Пушкин. Изнанка роковой интриги — страница 45 из 63

После аудиенции царь ожидал от Пушкина «искреннего и усердного соединения с правительством», но, читая записку и прекрасно зная из донесений тайной полиции «другого» Пушкина, уловил подвох, иными словами, уловил двоеречие. Отсюда недоверчивое (а может, и ироническое?) отношение Николая Павловича к положениям записки, возле которых он ставил вопросительные знаки. Любопытно, что вопросительные знаки поставлены царем и возле чересчур лояльных утверждений. Государь не хуже Пушкина знал собственную, то есть официальную точку зрения, изложенную публично не раз. Пушкин заполнил записку не своими мыслями, в лоб говорил охранительные идеи, а значит, пудрил императору мозги. Царь разглядел фигу в кармане у Пушкина.

Вряд ли пушкинская записка была важна Николаю: более глубокие суждения о воспитании представили Его Величеству в своих «докладных» поэт Николай Гнедич, граф Иван Витт («Записка о недостатках нынешнего воспитания российского дворянства»), Фаддей Булгарин («Нечто о Царскосельском лицее и о духе оного»). Перечитайте булгаринский текст: он написан и смелее, и шире, и умнее, хотя и в том же охранительном ключе. Похоже, именно он говорит царям с улыбкой больше истины[384]. Вот почему, возможно, к концу чтения пушкинской записки царь потерял интерес и перестал делать пометки.

Официальная благодарность в письме Бенкендорфа за написание записки, при этом с выговором, была, кажется нам, результатом понимания двойной игры поэта. Не случайно единственное предложение автора записки было немедленно осуществлено: указание об усилении негласного надзора, к сожалению, за самим Пушкиным. Двойное поведение, выразившееся в данном случае в двоеречии поэта, и двоеречие правительства контаминировались между собой.

Неясен и непроверяем ответ на вопрос, искренне ли Пушкин поверил Николаю Павловичу. Но факт, что его радикальные взгляды (если юношескую пылкость можно считать взглядами) претерпели существенные изменения и пришло понимание, что цели, которые декабристы хотели осуществить насилием, можно достичь и превзойти реформенным путем. Этот другой Пушкин устал от заточения в одиночестве, куплен обещаниями, он пересмотрел террористические нотки юности, но в душе не отказался от старых человеческих, дружеских привязанностей, с экстремизмом связанных. Насколько искренен он был в стихах, обращенных к императору?

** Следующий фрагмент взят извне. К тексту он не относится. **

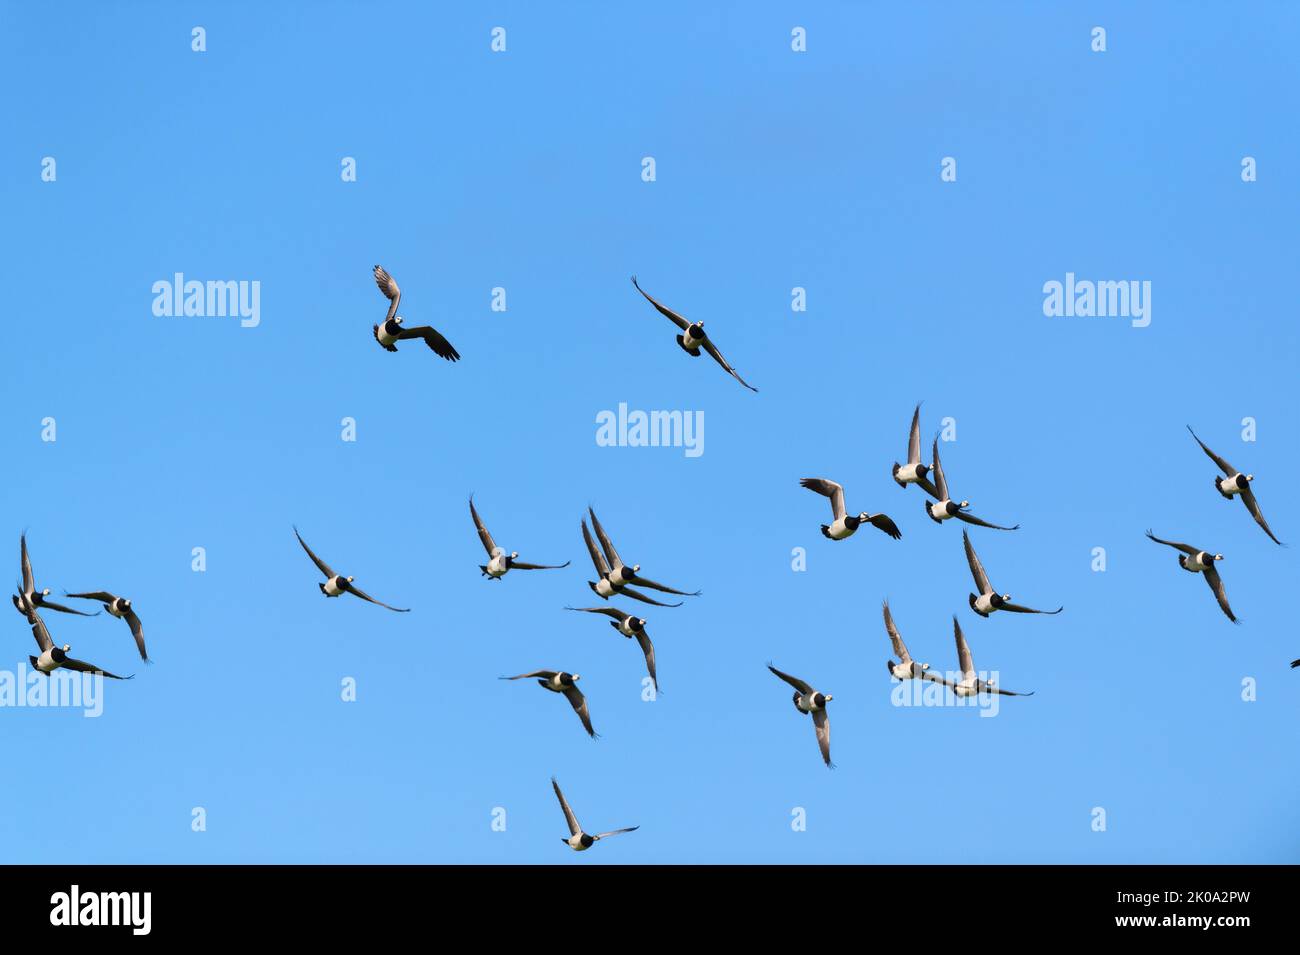 Flying Canadian geese in the blue sky Stock Photo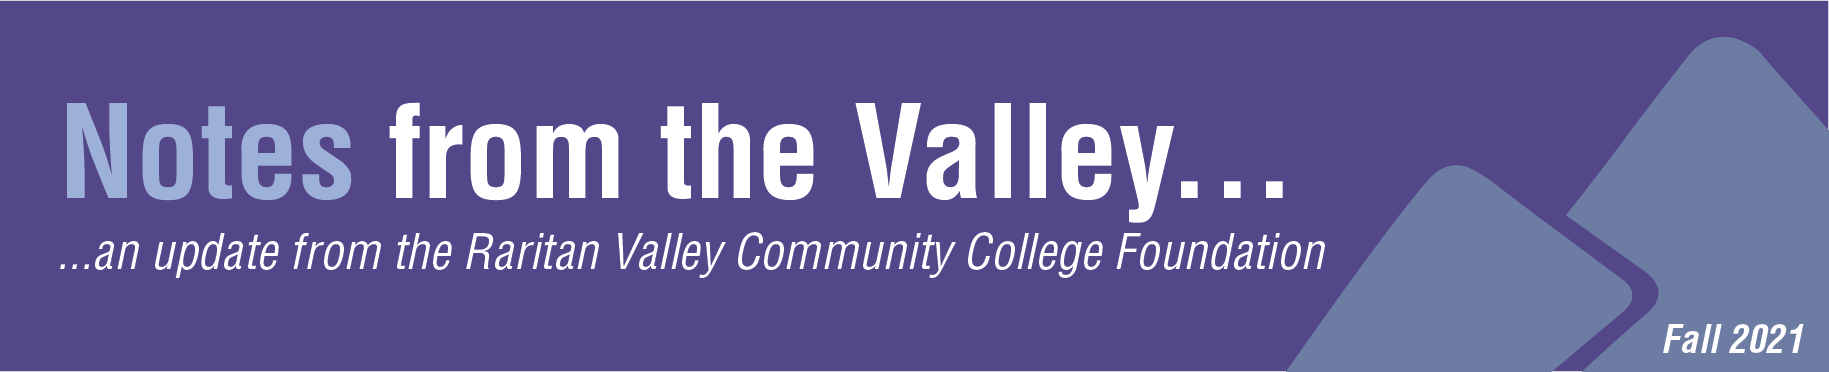 Fall 2021 Notes from the Valley

Последующее двоеречие в данном случае было данью благодарности Его Величеству за освобождение, за разрешение вкушать славу – ведь в театре публика смотрела не на сцену, а на освобожденного поэта.

Его я просто полюбил:

Он бодро, честно правит нами;

Россию вдруг он оживил

Войной, надеждами, трудами.

Друзья поэта застыдились, усмотрев не только подхалимаж, но и предательство взглядов, которые они разделяли. А никакого предательства не было. Пушкин соскользнул в этот момент в другой пласт мультиречия, и вовсе не собирался ограничивать себя только им.

Ранее не было замечено, что в стихотворении «Друзьям» льстец говорит:

…просвещенья плод —

Разврат и некий дух мятежный.

Поэт с этим не согласен и осуждает льстеца. В записке же Пушкин пишет: «Не одно влияние чужеземного идеологизма пагубно для нашего отечества; воспитание, или, лучше сказать, отсутствие воспитания, есть корень всякого зла». В стихах Пушкин вкладывает в уста льстеца то, что еще недавно писал в записке от своего собственного имени! Как видим, Ego поэта легко перешло в Alter Ego (или наоборот). Пушкин восторгается Николаем Павловичем:

Во мне почтил он вдохновенье;

Освободил он мысль мою.

И я ль в сердечном умиленье

Ему хвалы не воспою?

И почти одновременно с восторгом в «Возражении на статьи Кюхельбекера в «Мнемозине»» Пушкин, так сказать, сам себя отрицает: «Восторг непродолжителен, непостоянен, следственно, не в силе произвесть истинное великое совершенство (без которого нет лирической поэзии)». Между тем такой же двойной была и оценка стихотворения «Друзьям» самим императором, который обнаружил это двуличие и оказался умнее поэта: «Его Величество совершенно доволен им (стихотворением. – Ю.Д.), но не желает, чтобы оно было напечатано», – написал Пушкину Бенкендорф[385]. Николай почувствовал, что подхалимаж, причем неискренний, будет работать против него. Это напоминает Сталина, который смотрел телевизор в день авиации. Конферансье Смирнов-Сокольский то и дело повторял фразы «Товарищ Сталин – создатель нашей авиации!», «Гениальный вождь – отец советских летчиков!» и пр. Сталин выключил телевизор, плюнул и сказал: «Нужны мнэ его камплымэнты!» Сокольскому запретили выступать.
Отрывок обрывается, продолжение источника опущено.